Conduct an Internal Investigation. After the inspection, the provider should conduct an internal investigation and engage in additional fact-finding. The objective of the investigation is to determine why the ZPIC conducted the inspection, why the ZPIC requested and obtained specific documents or claims, and ultimately, to educate the provider with respect to her options based on the investigative findings.

Employee Interviews. In performing the investigation, employee interviews should be conducted by in house counsel or outside counsel.

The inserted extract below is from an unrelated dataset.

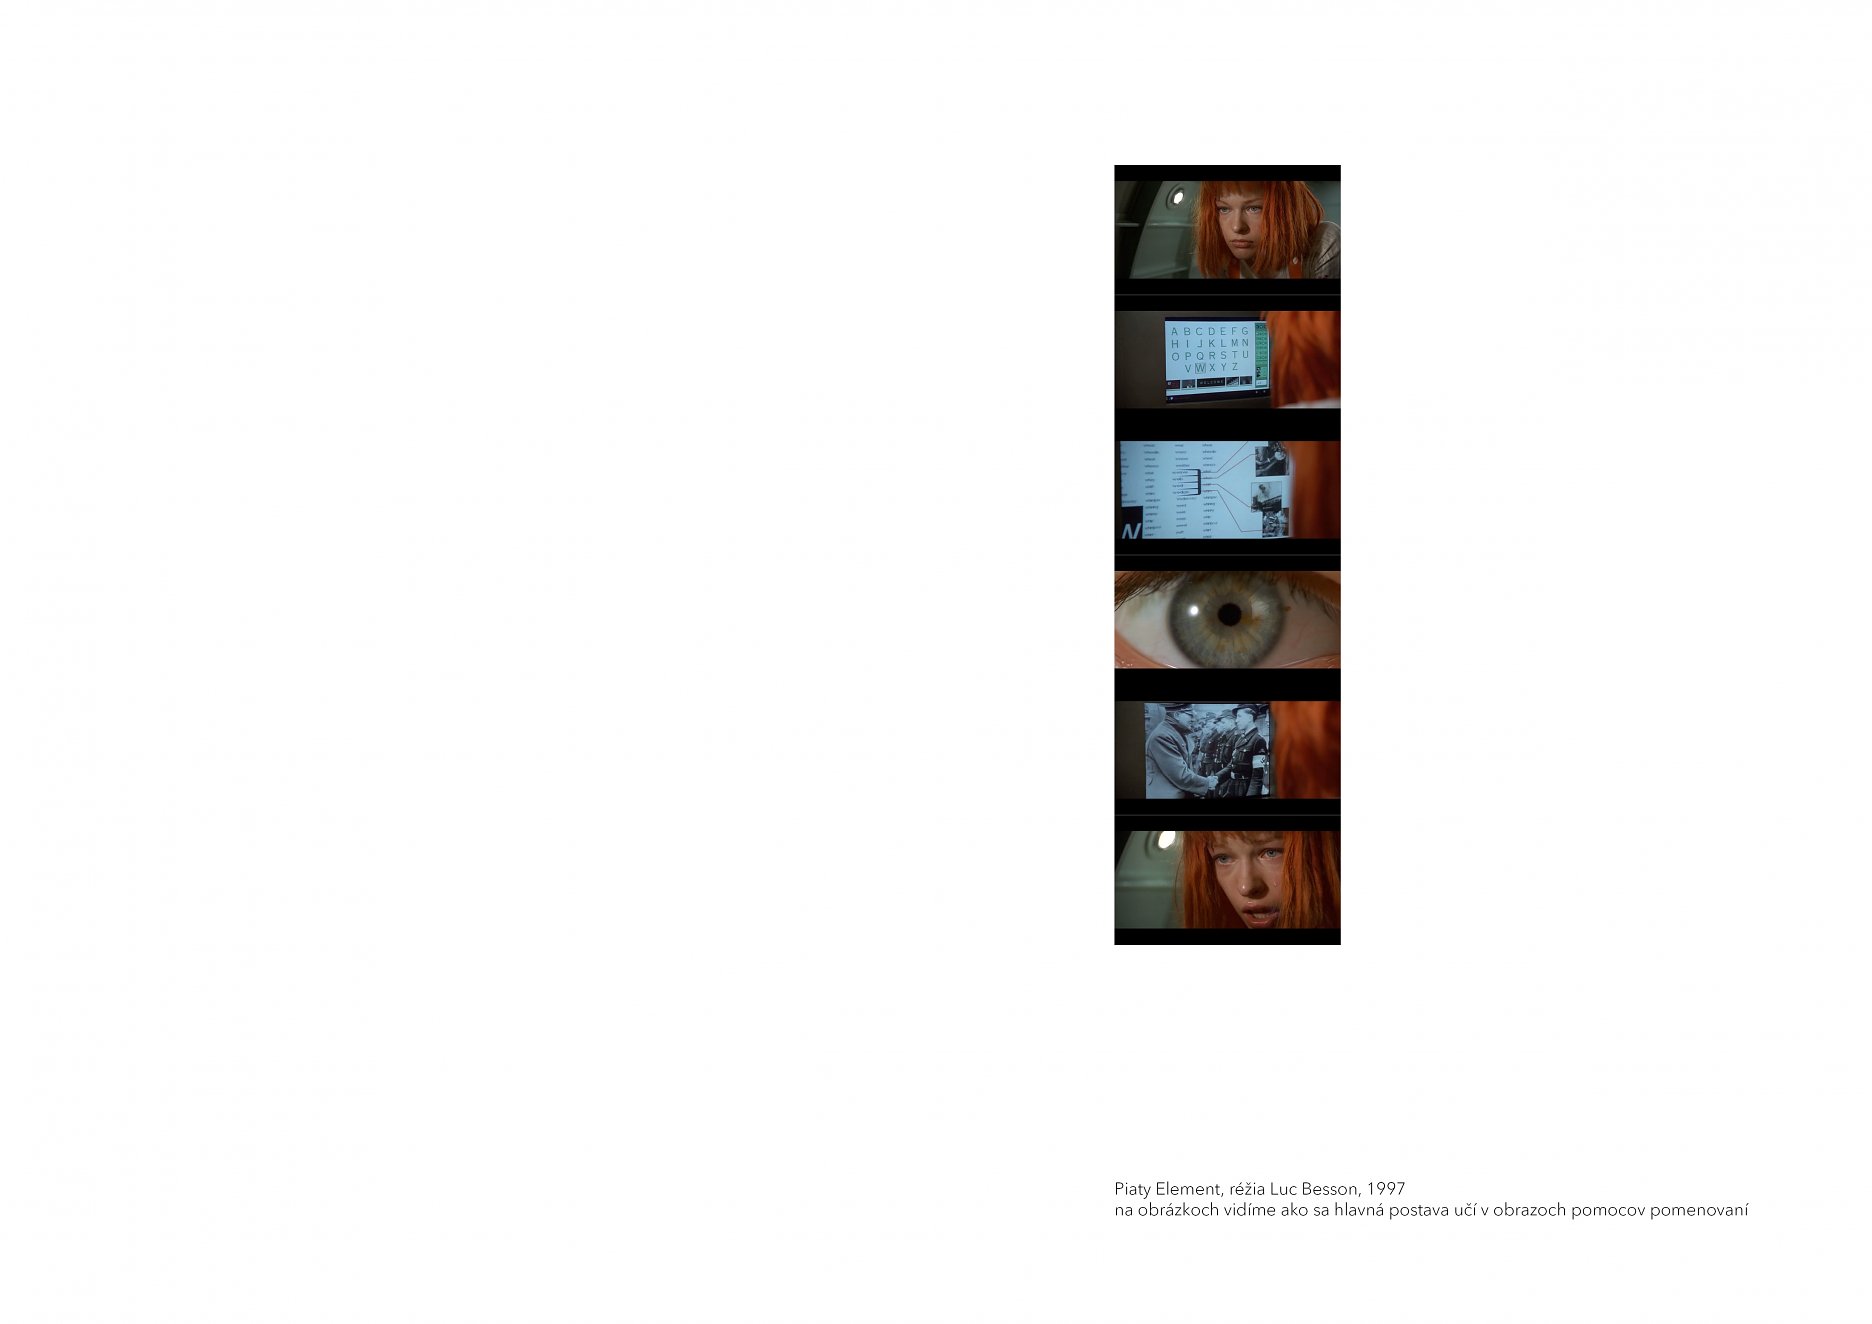 Piaty Element, réžia Luc Besson, 1997 na obrázkoch vidíme ako sa hlavná postava učí v obrazoch pomocou pomenovaní

Claims Review and Gap Analysis. In addition, the provider should review any and all claims or documents obtained by the ZPIC during the inspection and evaluate the significance of those documents. The claims review should focus on, among other things, the accuracy of the claims and any supporting documentation, the legibility of all supporting documentation, and compliance with all signature requirements. An essential part of the claims review should also include a gap analysis to confirm whether the services in the sample set of claims obtained by the ZPIC during the inspection are covered by applicable Medicare regulations, national coverage determinations, and local coverage determinations. Further, the analysis should determine whether the provider (or the third party vendor) used incorrect codes or modifiers in the sample set of claims at issue.

Anticipate Additional Document Requests. Where applicable, bate-stamped documents and a cover letter listing all of the documents included in the submission should be provided to the ZPIC in response to any additional document requests (ADR’s) from the ZPIC. The organization of the documents will convey a specific theme to the ZPIC. Thus, the documents should be organized in a way that convincingly conveys a theme to the ZPIC. For example, if the theme is “sloppy record-keeping” or a failure to understand ambiguous or complex regulations, then it may be beneficial to supplement the record with documentation supporting that theme. Likewise, if the theme is that the ZPIC made a mistake, for example, through predictive modeling or data analyses, then the documents in the submission should be organized to best communicate that them and, where applicable, should include all necessary certificates, any applicable plans of care, and any other information to illustrate that claims are accurate, reasonable, and medically necessary.

Conclusion

ZPICs have broad authority to initiate proactive and reactive inspections as part of an audit, they view themselves as fraud fighters, and they work closely with the FBI. Therefore, even though these recommendations address general concerns that broadly apply to ZPIC audits and inspections, providers, and their counsel, should be well-equipped to manage and respond to a ZPIC onsite inspection.